1. Bṛihaddharma Purāṇa
2. Gaṇeśa Purāṇa
3. Mudgala Purāṇa
4. Kālki Purāṇa
5. Ṣivarahasya Purāṇa
6. Kriyāyogasāra Purāṇa
7. Yuga Purāṇa
8. Lakṣmi Purāṇa
9. Bhaviśyottara Purāṇa
10. Devānga Purāṇa
11. Śiva Purāṇa
12. Nīlamata Purāṇa
13. Malla Purāṇa
14. Basava Purāṇa
15. Periya Purāṇam
16. Dharma Purāṇa
17. Mahābhāgavata Purāṇa
18. Viṣṇudharma Purāṇa
19. Kārtava Purāṇa
20. Ṛju Purāṇa
21. Pāśupati Purāṇa
22. Ekāmra Purāṇa
23. Pārānanda Purāṇa
24. Dattātreya Purāṇa
25. Viśvakarma Purāṇa
26. Vāsuki Purāṇa
27. Ātma Purāṇa
28. Caṇḍī Purāṇa
29. Bhairava Purāṇa
30. Viṣṇurahasya Purāṇa
31. Śukra Purāṇa
32. Kubera Purāṇa
33. Sarasvati Purāṇa
34. Govinda Purāṇa
35. Bhūgola Purāṇa

== Sectarian divisions ==
Unlike the Mahapuranas, most of the Upapuranas have been able to preserve their older materials along with their distinctive sectarian character. All extant Upapuranas can be broadly divided into six groups according to the sectarian views found in these texts: Vaishnava, Shakta, Shaiva, Saura, Ganapatya and non-sectarian.

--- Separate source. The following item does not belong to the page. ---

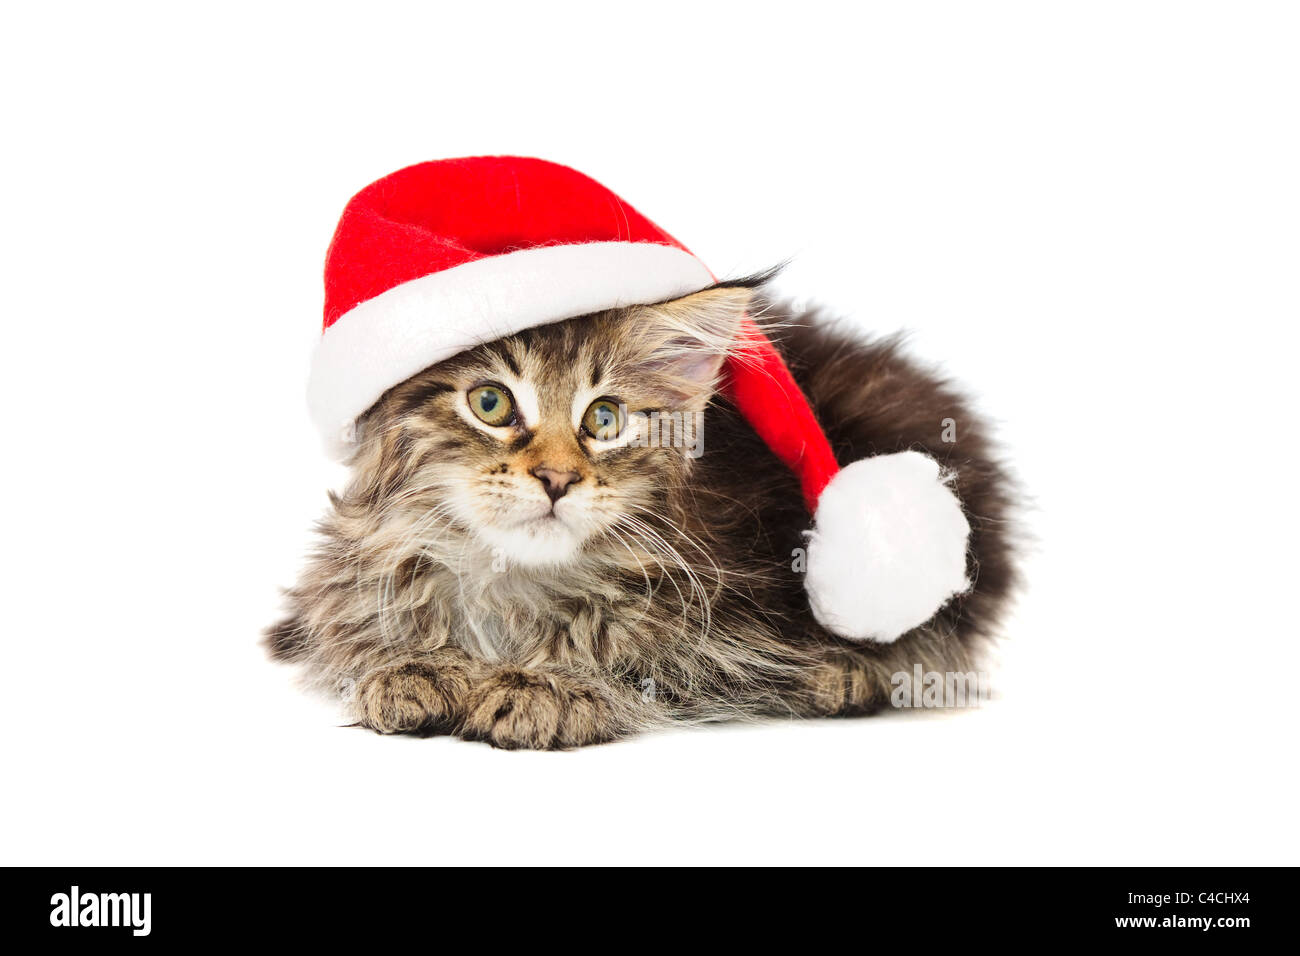 Chaton dans red hat against white background Banque D'Images

=== Vaishnava Upapuranas ===
The most significant texts among the Vaishnava Upapuranas are the Manava Purana, the Vishnudharmottara Purana, the Narasimha Purana, the Naradiya Purana and the Kriyayogasara.

The extant Narasimha Purana comprises 68 chapters. The extant Vishnudharma Purana comprises 105 chapters.

=== Shakta Upapuranas ===
Among the Shakta Upapuranas, the most important extant texts are the Kalika Purana, the Mahabhagavata Purana and the Chandi Purana.

The extant Kalika Purana comprises 98 chapters.

=== Shaiva Upapuranas ===
The notable Shaiva Upapuranas are the Saura Purana, the Shivadharmapurva Purana, the Shivadharmottara Purana, the Shivarahasya Purana, the Ekamra Purana, the Parashara Purana, the Varuna Purana, and the Maheshvara Purana.

The extant Saura Purana comprises 69 chapters. The extant Parashara Upapurana consists of 18 chapters. The extant Shivadharma Purana comprises 24 chapters and deals only with the religious rites and duties of the worshippers of Shiva. It mentions itself as a shastra or dharmashastra.

=== Saura Upapuranas ===
The only extant text which can be called an exclusive Saura Purana is the Samba Purana. It comprises 84 chapters.

=== Ganapatya Upapuranas ===
Only two extant Upapuranas profess the views of the Ganapatya sect. These are the Mudgala Purana and the Ganesha Purana.

=== Non-sectarian Upapuranas ===
The Upapuranic works, which do not profess any particular sectarian views are the Bhavishyottara Purana, the Kapila Purana and the Brihaddharma Purana.

== Scholarship ==

Dr. R. C. Hazra's magnum opus for which he earned a D. Litt was a detailed catalogue of contents, comparison of manuscripts of Upapuranas; popularly known as Studies in the Upapurāṇas. It was series of five volumes of equal length, a part of the Calcutta Sanskrit College Research Series (out of which only two were published by Munshiram Manoharlal, both generally edited by Gaurinath Sastri and Hazra's handwritten papers of the other three volumes are kept with the College); on a descriptive study of all more than hundred Upapuranas, which, even to this day, remains an important but ignored field of Sanskrit literature.